Only one DNS? Or only one firewall rule? Example 2, shows a fallback DNS pi can be used. Is it, you just can't redirect the DNS if it's using the secondary?
You can only redirect the DNS queries to one Pi-Hole.
If you use multiple Pi-Holes as local DNS servers and use the forced DNS redirection then you have to add an exception rule for the second Pi-Hole otherwise all DNS requests of the second Pi-Hole will be redirected via the first one.
Posted: Mon Jan 08, 2024 9:01 Post subject: little tip if anyone is interested in a possible 3rd method
Hey folks,
After following the guide and tinkering around for a bit, I may have found a 4th way to impliment pihole on the network. This will leverage conditional dns forwarding to you dd-wrt router for local dns lookup, but will prevent dd-wrt dnsmasq from handling any other network requests.
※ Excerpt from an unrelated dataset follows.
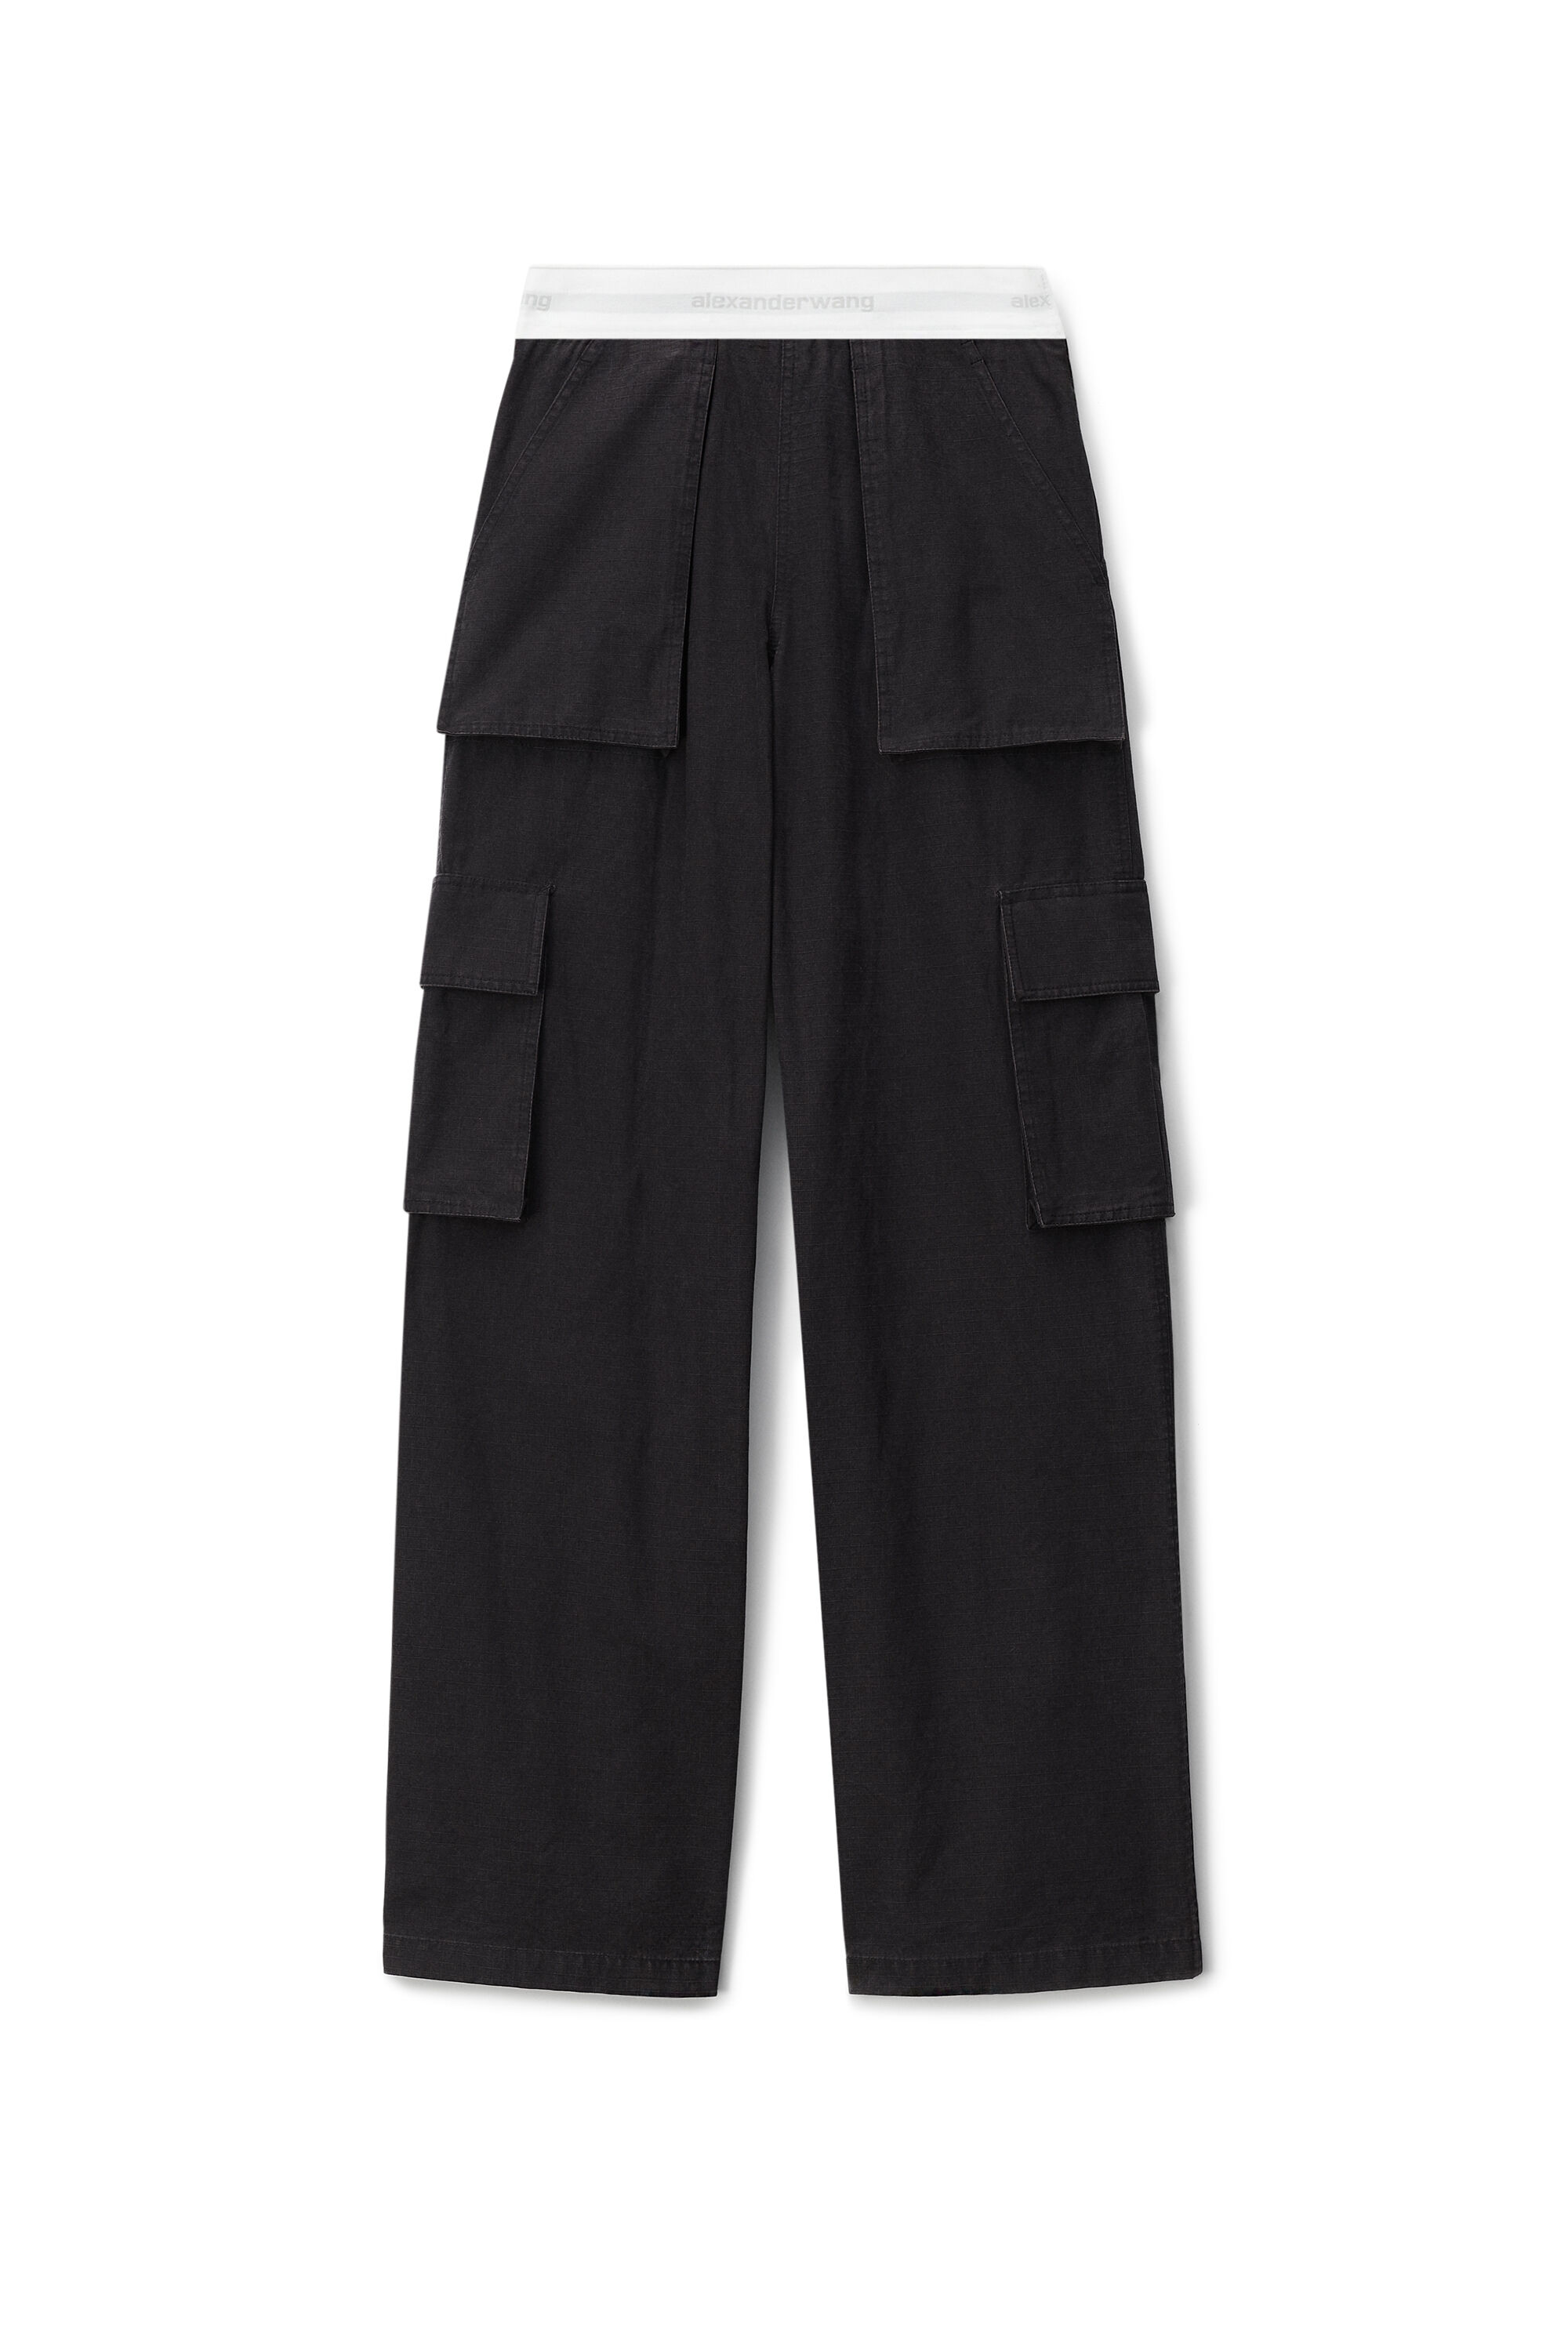 LOGO CARGO PANT IN RIPSTOP COTTON in BLACK ICE | oversized fit

IE you can have pihole as your primary address pushed to clients (dns address pushed is pihole, but pihole will forward your requests to dd-wrt if it needs a local address.) Thus, local DNS works.
heres what my config looks like in pihole and dd-wrt to setup. (note im including stuff for ipv6 too, which is optional. If you arent running ipv6, dont worry about the v6 stuff.)
(in my network 50.63 is the ip of my pihole. You will need to update that with your pihole's specific address).
dnsmasq config:
dhcp-option=6,192.168.50.63
domain-needed
no-resolv
server=192.168.50.63
expand-hosts
local=/little.mac/ ---------You'll need to update this with YOUR localnet address
DHCP server setup:
set to LAN&WLAN
set your local network domain
pihole config:
Never forward non FQDN A and AAAA queries should be CHECKED
Never forward reverse lookups for private ip ranges should be CHECKED
Under conditional forwarding:
enable, then set the local network in cidr notation. (mine is 192.168.50.0/24 -- yours will probably be similar. A 255.255.255.0 subnet (default in dd-wrt) will be 192.168.x.0/24) , set the IP of your router, then the local domain if you like.
ipv6 settings:
most of it is going to be specific to your ISP, but the important box is "static DNS"setting your dns server there and running radvd will push your pihole dns to clients on dhcp.
iptables rules to ensure traffic is forced to your pihole (optional but stops hardcoded stuff, typically IoT junk from trying to bypass your filtering by natting non pihole dns traffic back to pihole.:
#filter dns so its only routed to pihole
iptables -t nat -I PREROUTING -i br0 ! -s 192.168.50.63 -p tcp --dport 53 -j DNAT --to 192.168.50.63:53
iptables -t nat -I PREROUTING -i br0 ! -s 192.168.50.63 -p udp --dport 53 -j DNAT --to 192.168.50.63:53
ip6tables -t nat -A PREROUTING -i br0 -p tcp --dport 53 ! -s 2601:80:c500:94d:a00:27ff:fef6:f831 -j DNAT --to 2601:80:c500:94d:a00:27ff:fef6:f831
ip6tables -t nat -A PREROUTING -i br0 -p udp --dport 53 ! -s 2601:80:c500:94d:a00:27ff:fef6:f831 -j DNAT --to 2601:80:c500:94d:a00:27ff:fef6:f831
Dug this up from a reddit thread and hoping someone else will find it useful. Its a nice solution.
With conditional forwarding I had great infinite loops with apple devices
I looked into this point and found some references to iOS devices spamming usually for either bonjour or airplay devices on the network. Doesnt seem to indicate a loop however. If you set the local lan setting like I had posted and set dhcp for lan and wlan it does quell ios a little bit it does kind of become spammy. I have found that some devices just tend to be like this, though excessive seems to regard to ios itself having some type of issue. (seriously, the spam that comes out of my work pc when not on the vpn is pretty astounding. Constantly hits my pihole.) I am curious to what your experience was or what your setup was if it leads to other issues. Im just curious to more on this issue as it seemed interesting to me (sadly i do not have an apple device here to test with).
ho1Aetoo wrote:
Pi-hole asks router / router asks Pi-hole.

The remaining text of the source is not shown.